§ Exercise instructions: Leaving out every picture, quote the data below exactly as it appears.

Raw data Start Marker

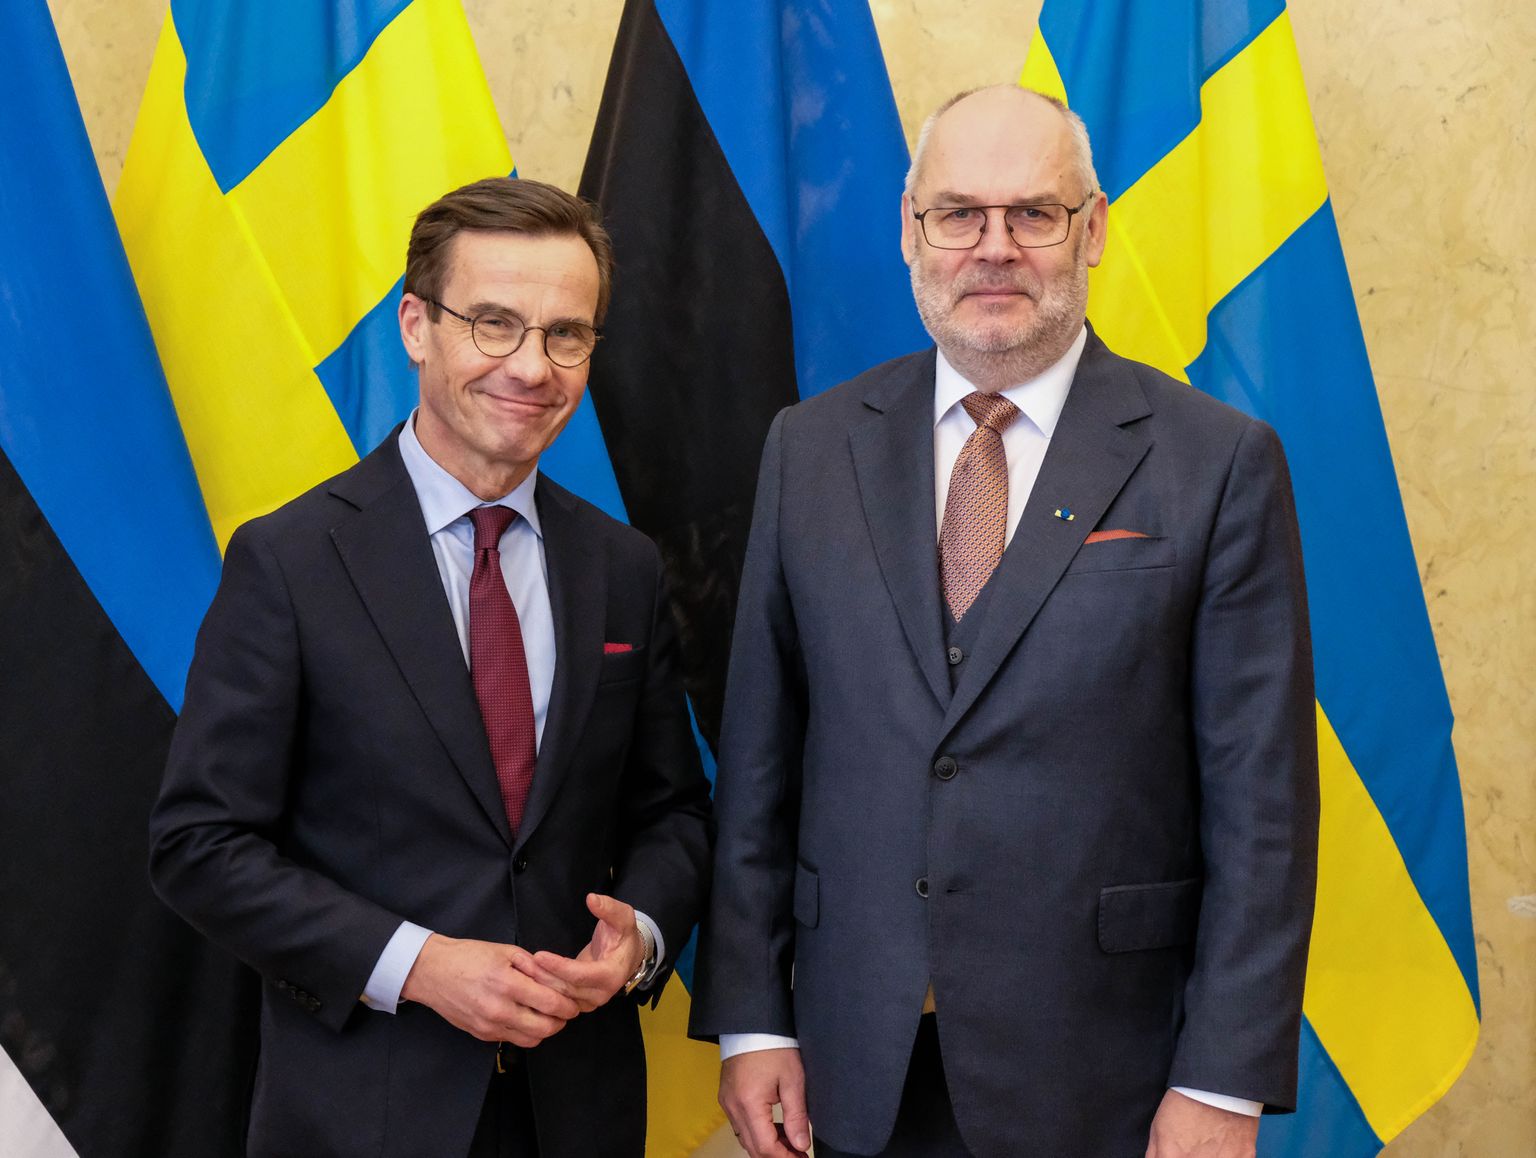 Президент Алар Карис не встрече с премьер-министром Швеции Ульфом Кристерссоном
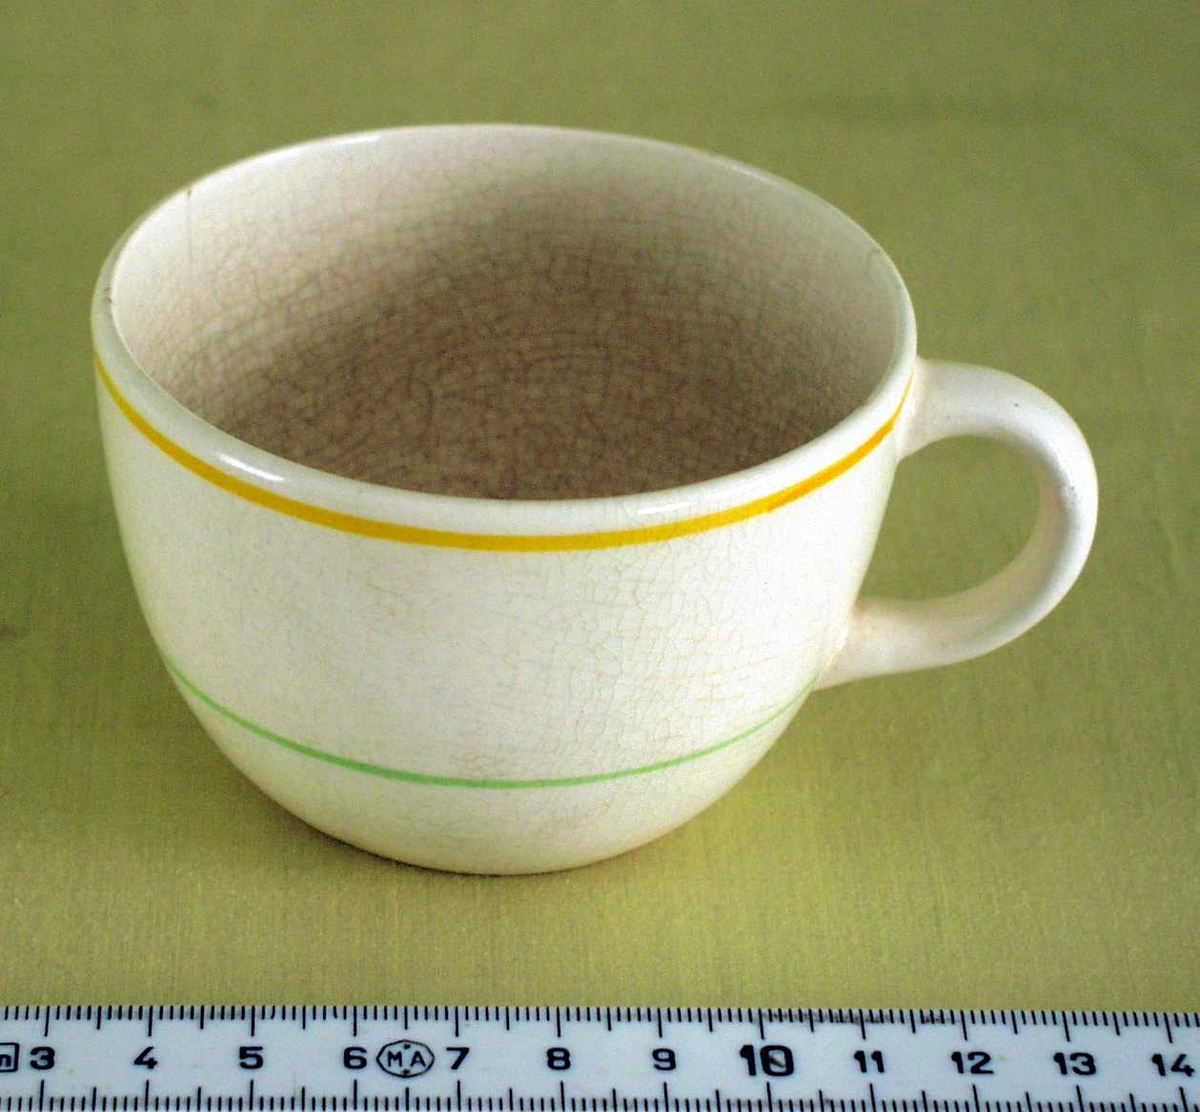 Hvit, keramisk kaffekopp med hank. Dekorert med en orange og en grønn stripe på utsiden.
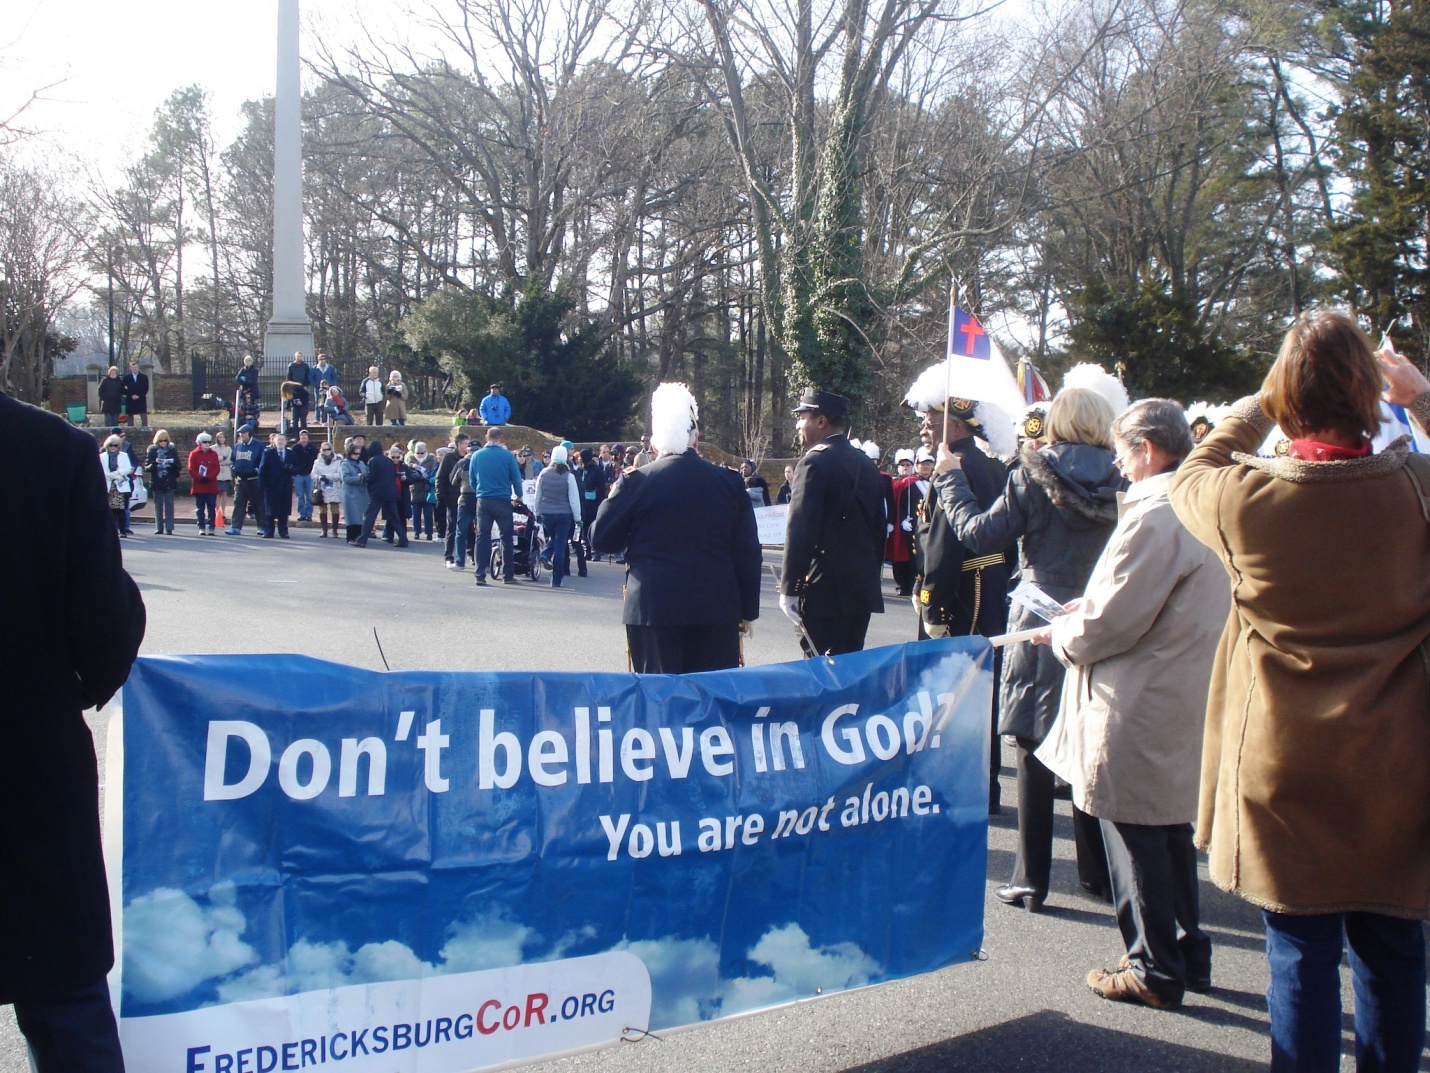 The Fredericksburg Coalition of Reason participates in a religious liberty parade in Fredericksburg, VA.
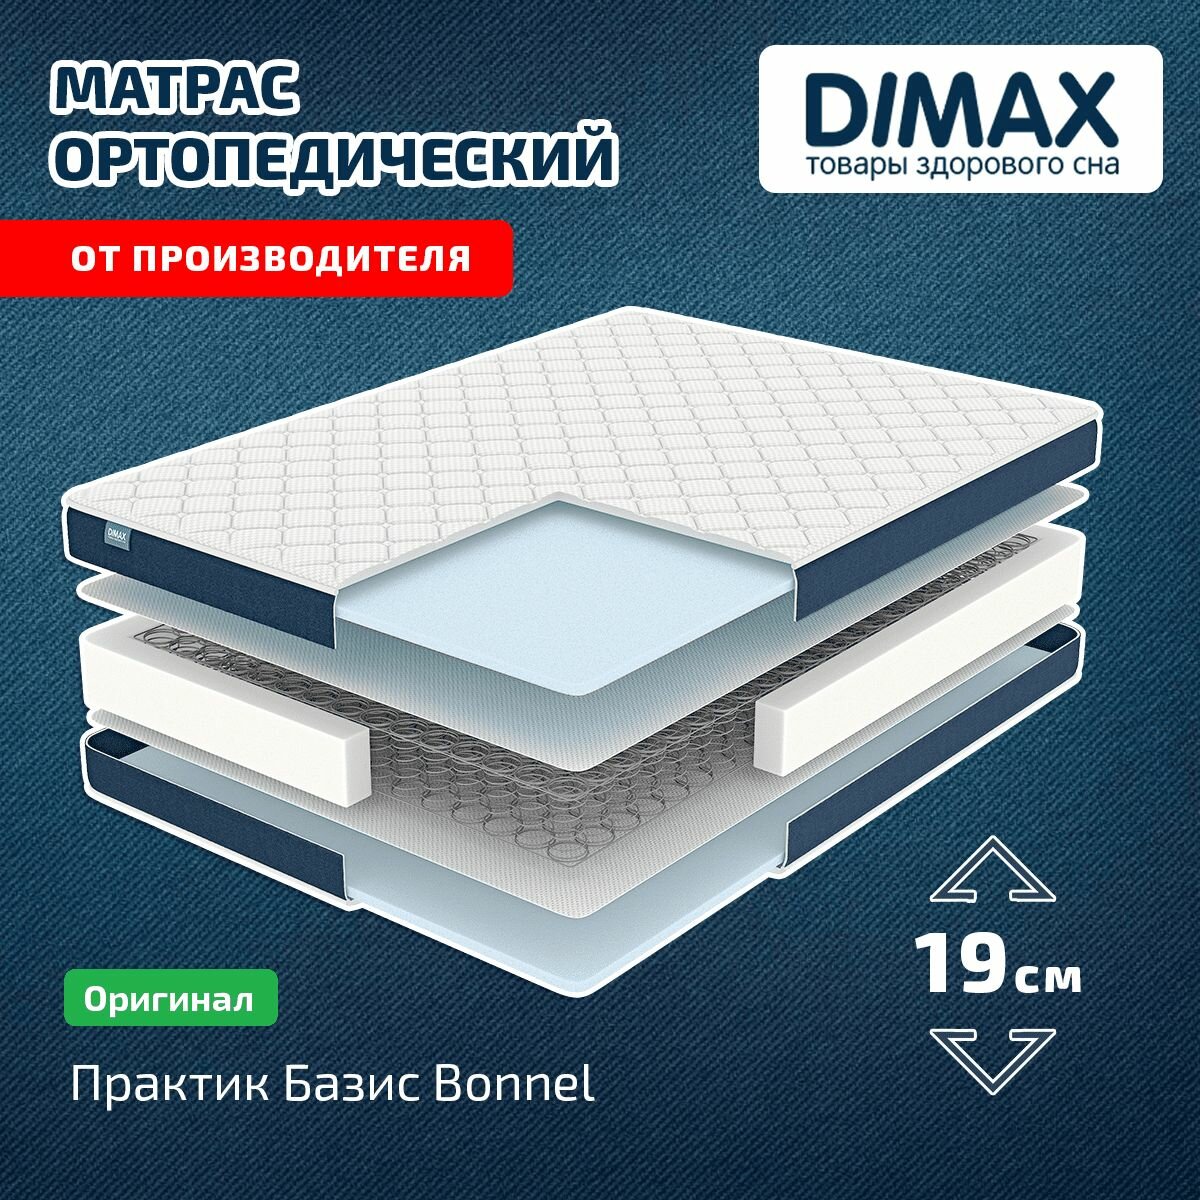 Матрас Dimax Практик Базис Bonnel 80x200

Raw data End Marker

§ Answer to this task:
 Президент Алар Карис не встрече с премьер-министром Швеции Ульфом Кристерссоном
 Hvit, keramisk kaffekopp med hank. Dekorert med en orange og en grønn stripe på utsiden.
 The Fredericksburg Coalition of Reason participates in a religious liberty parade in Fredericksburg, VA.
 Матрас Dimax Практик Базис Bonnel 80x200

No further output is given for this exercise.